[Records contained in a dataset]

* * *

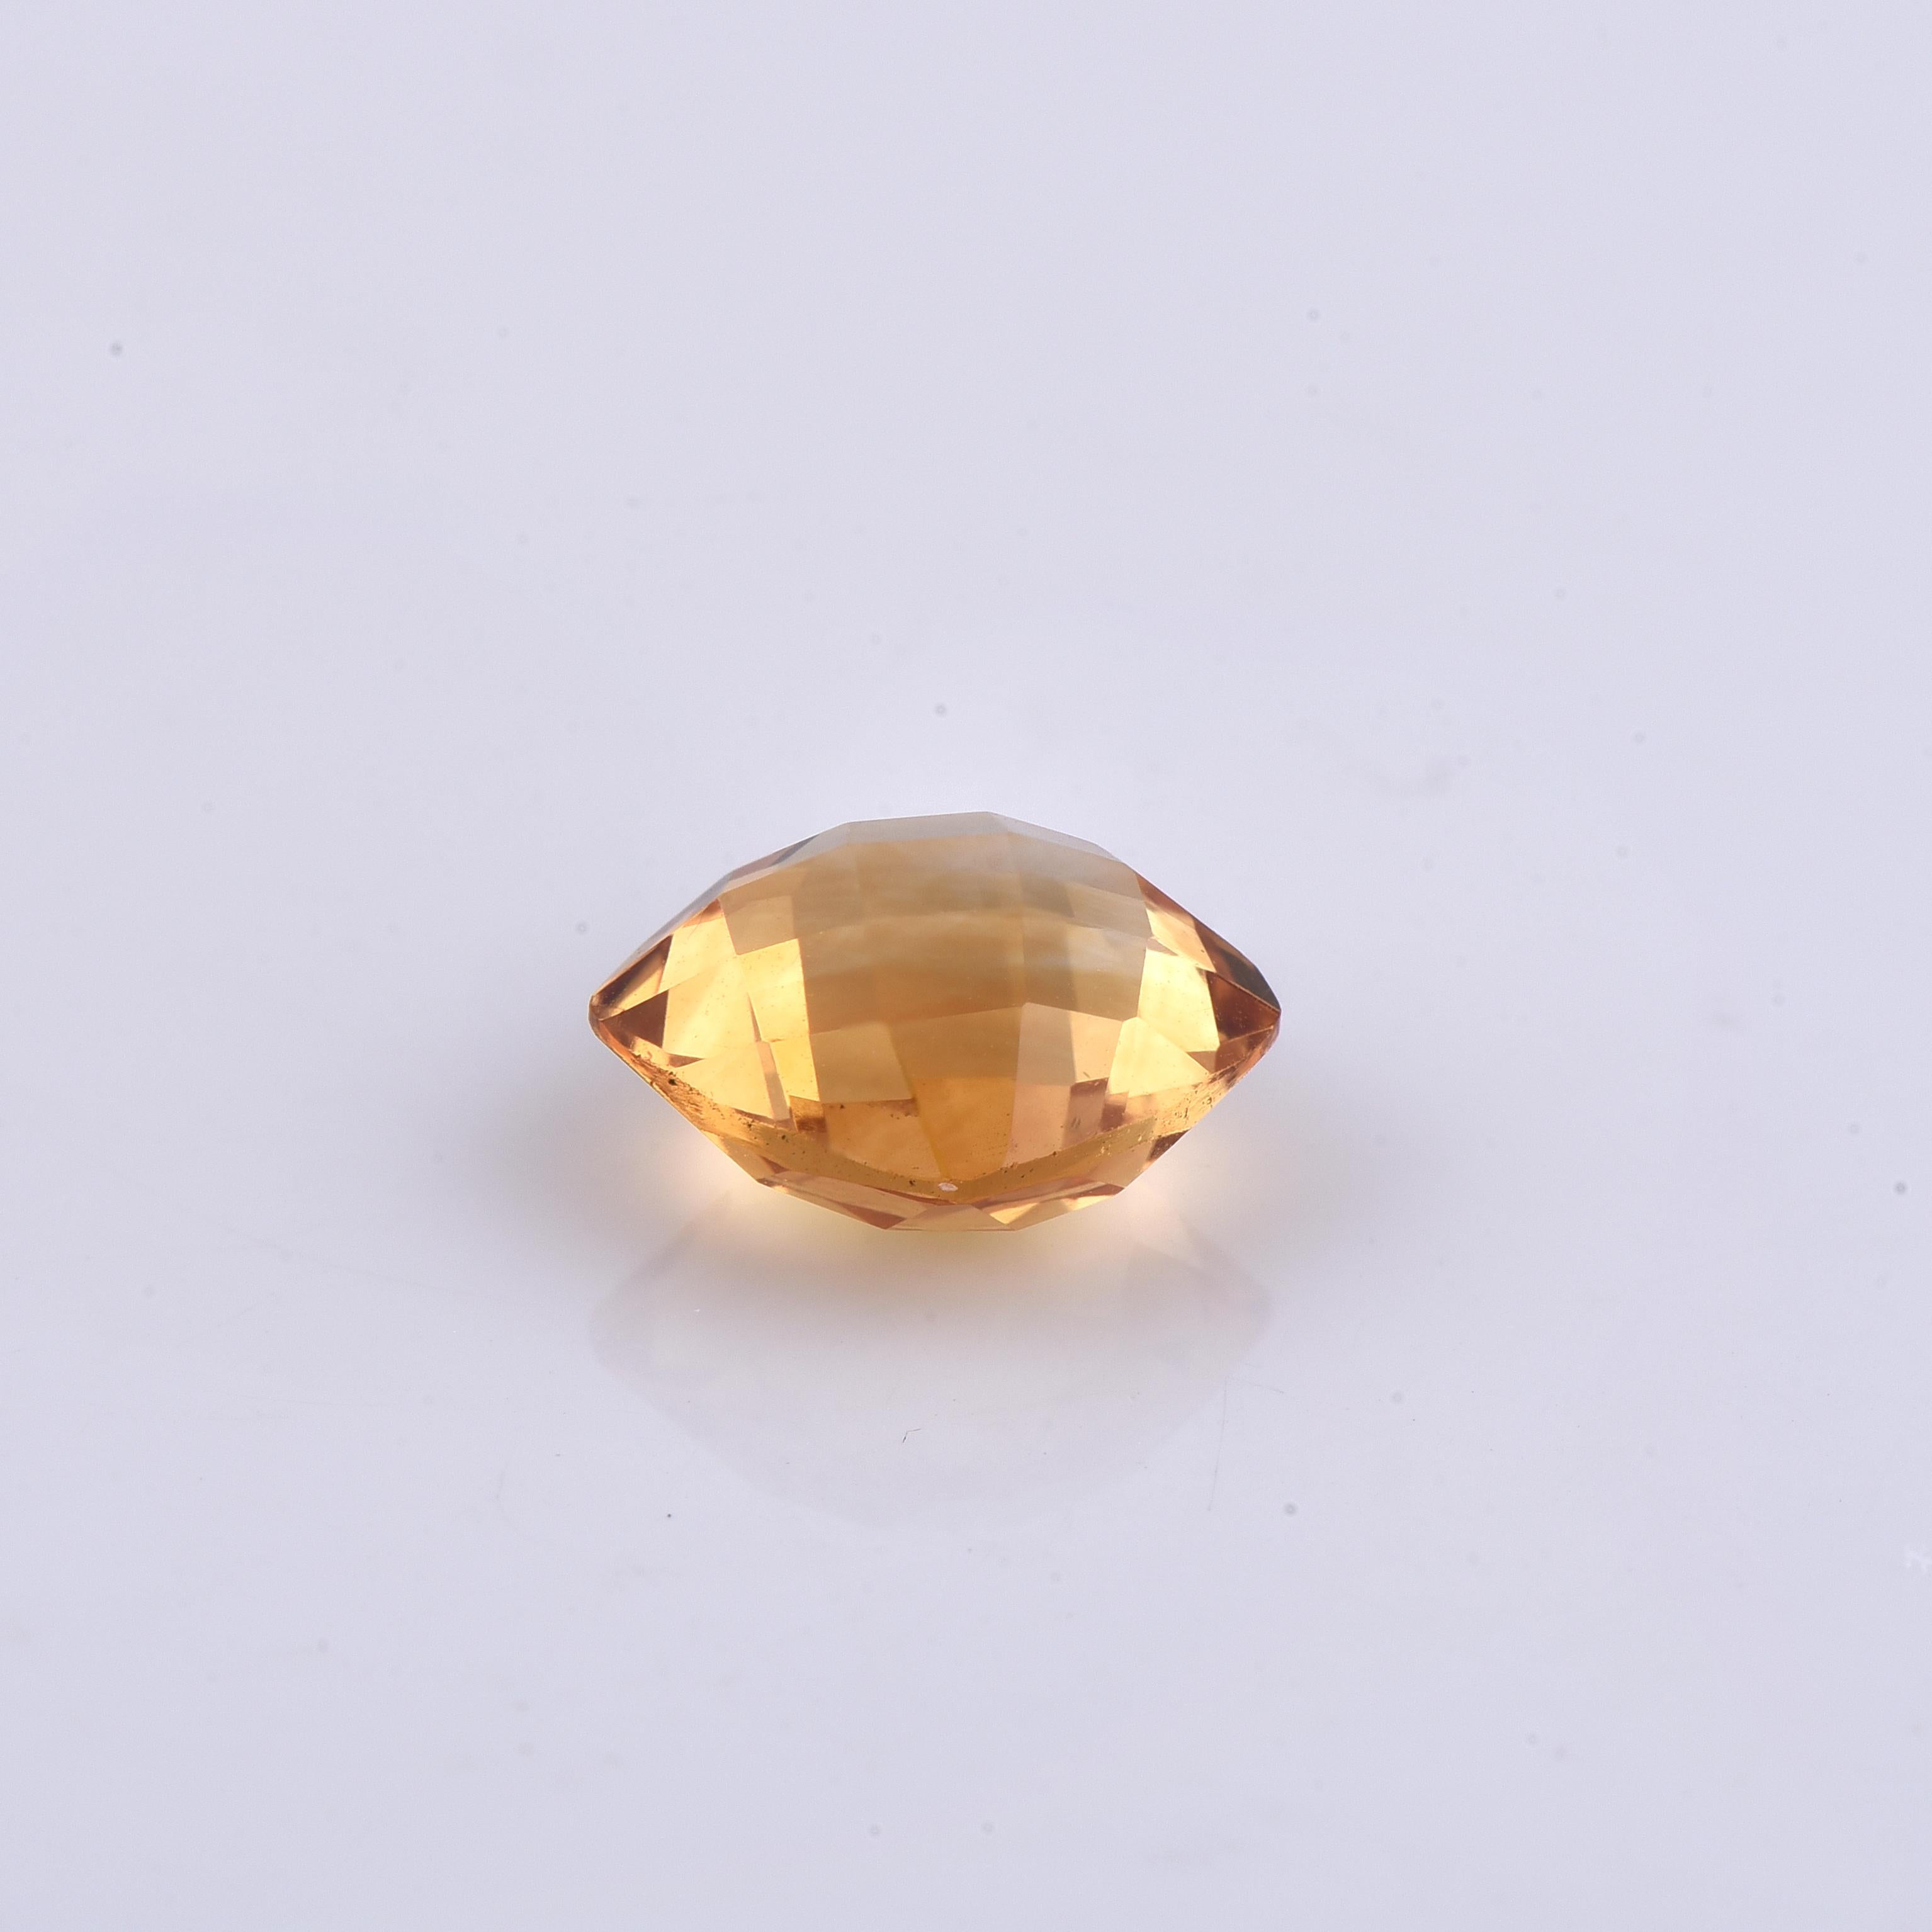 Informationen zum Stein: Natürlicher Citrin 
Form/Schliff: Kissenschliff
Farbe: Gelb
Abmessungen (mm): 10,00 x 10,00 x 5,70
Gewicht: 3,97ct
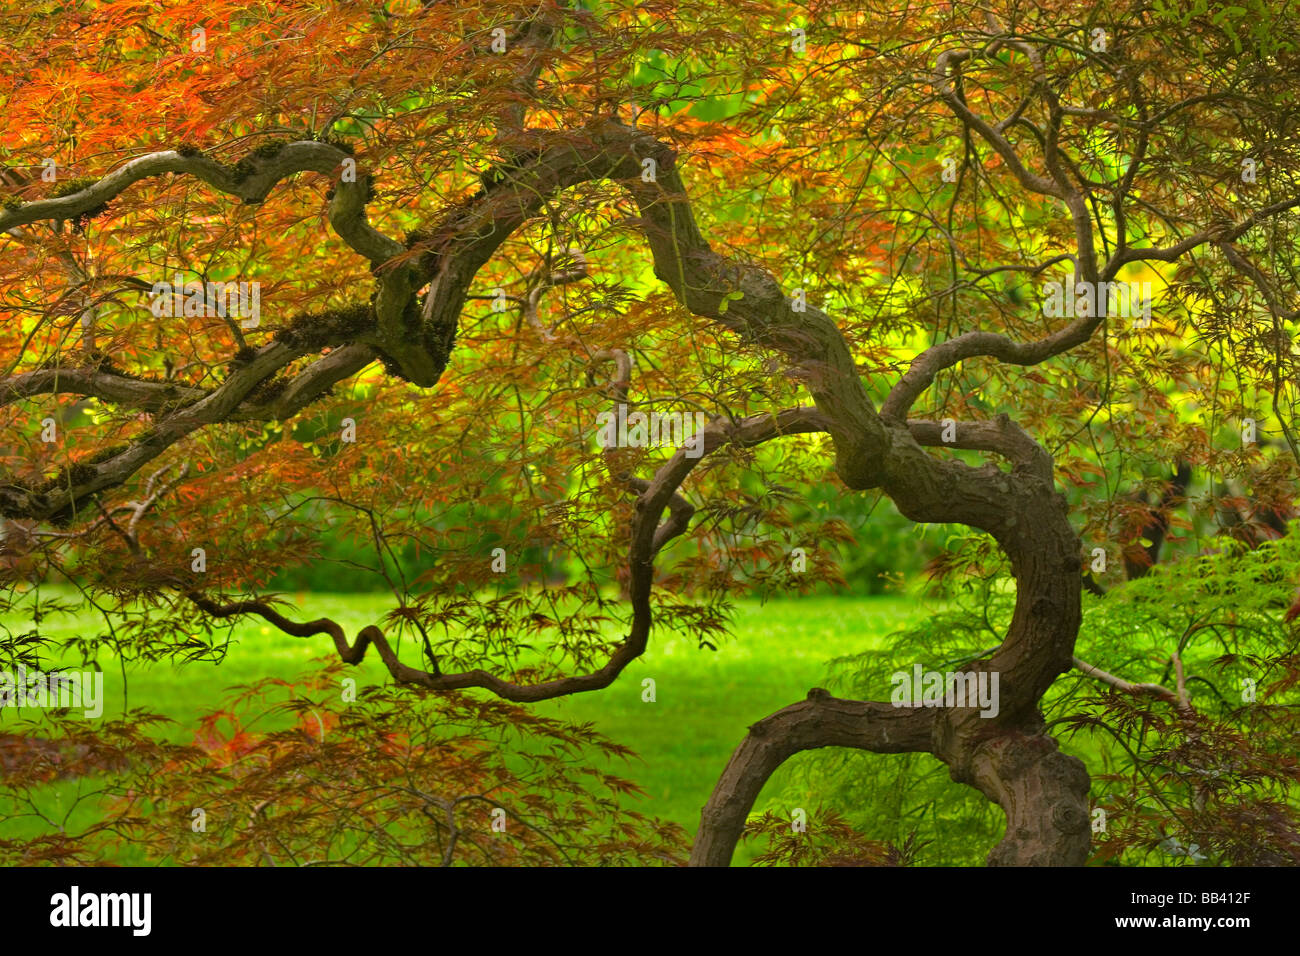 USA, Oregon, Salem. Dramatisch verdrehte japanischer Ahornbaum im Bush House Garten. Stockfoto

* * *

■ EXERCISE AIM ■
Write out each line again, exactly as it appears above, except for any picture.

■ WRITTEN REPLY ■
 Informationen zum Stein: Natürlicher Citrin 
Form/Schliff: Kissenschliff
Farbe: Gelb
Abmessungen (mm): 10,00 x 10,00 x 5,70
Gewicht: 3,97ct
 USA, Oregon, Salem. Dramatisch verdrehte japanischer Ahornbaum im Bush House Garten. Stockfoto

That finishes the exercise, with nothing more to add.